MMR: Evaluating Reading Ability of Large Multimodal Models
- URL: http://arxiv.org/abs/2408.14594v1
- Date: Mon, 26 Aug 2024 19:26:50 GMT
- Title: MMR: Evaluating Reading Ability of Large Multimodal Models
- Authors: Jian Chen, Ruiyi Zhang, Yufan Zhou, Ryan Rossi, Jiuxiang Gu, Changyou Chen,
- Abstract summary: Large multimodal models (LMMs) have demonstrated impressive capabilities in understanding various types of image, including text-rich images.
Current benchmarks fail to accurately reflect performance of different models.
We propose the Multi-Modal Reading (MMR) benchmark in 11 diverse tasks to evaluate LMMs for text-rich image understanding.

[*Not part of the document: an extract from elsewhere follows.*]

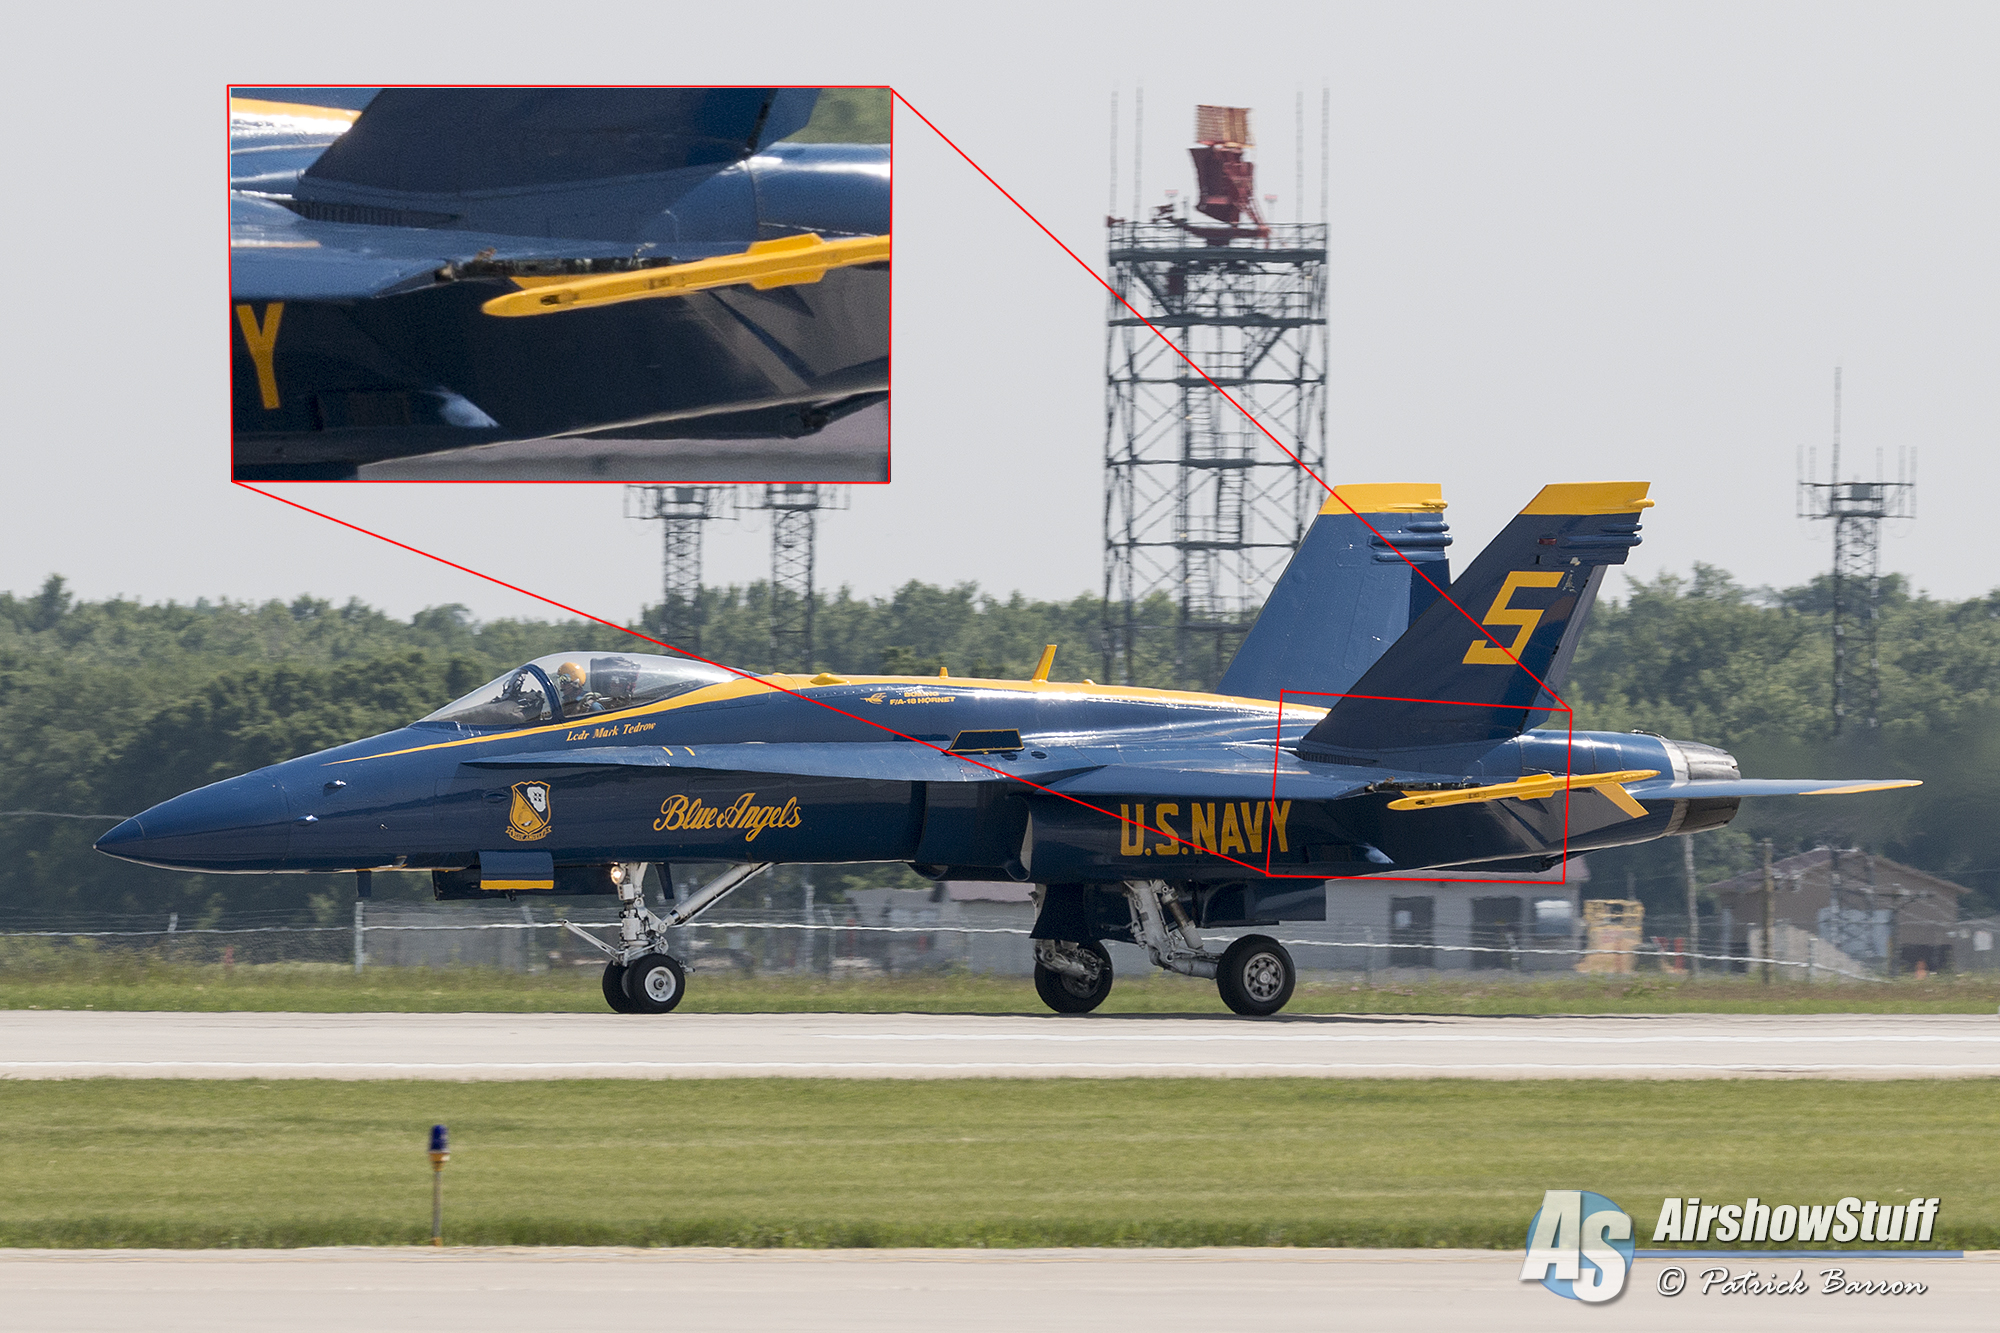 Blue Angel #5 Loses Part Of Wing At Rockford Airfest – AirshowStuff
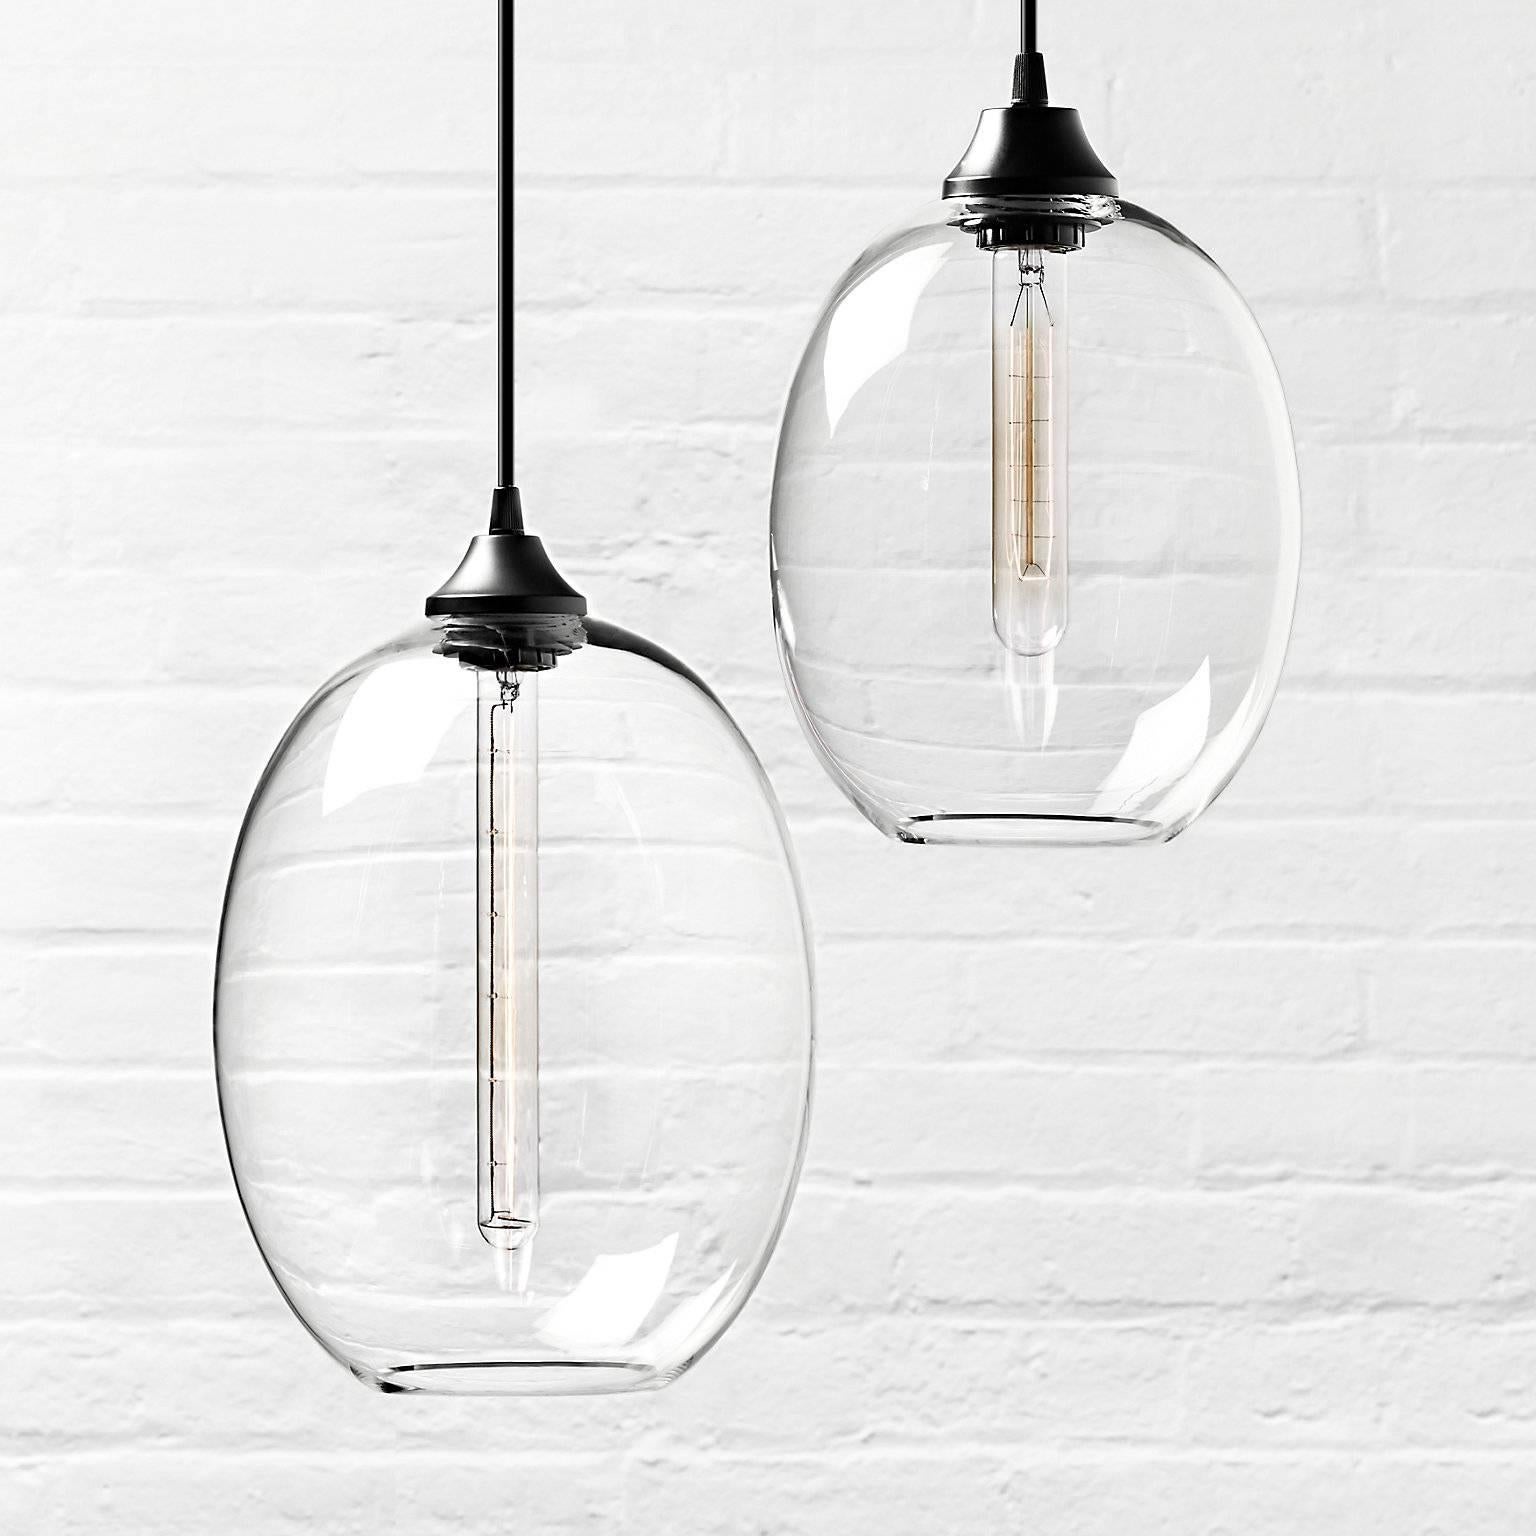 When paired together, the brilliant proportions of the Grand and Petite Ellipse pendants complement one another to create an elegant and distinctive design. Every single glass pendant light that comes from Niche is hand-blown by real human beings in

- Score: 52.953316772123586
- License: http://creativecommons.org/licenses/by-nc-sa/4.0/
- Abstract: Large multimodal models (LMMs) have demonstrated impressive capabilities in understanding various types of image, including text-rich images. Most existing text-rich image benchmarks are simple extraction-based question answering, and many LMMs now easily achieve high scores. This means that current benchmarks fail to accurately reflect performance of different models, and a natural idea is to build a new benchmark to evaluate their complex reasoning and spatial understanding abilities. In this work, we propose the Multi-Modal Reading (MMR) benchmark in 11 diverse tasks to evaluate LMMs for text-rich image understanding. MMR is the first text-rich image benchmark built on human annotations with the help of language models. By evaluating several state-of-the-art LMMs, including GPT-4o, it reveals the limited capabilities of existing LMMs underscoring the value of our benchmark.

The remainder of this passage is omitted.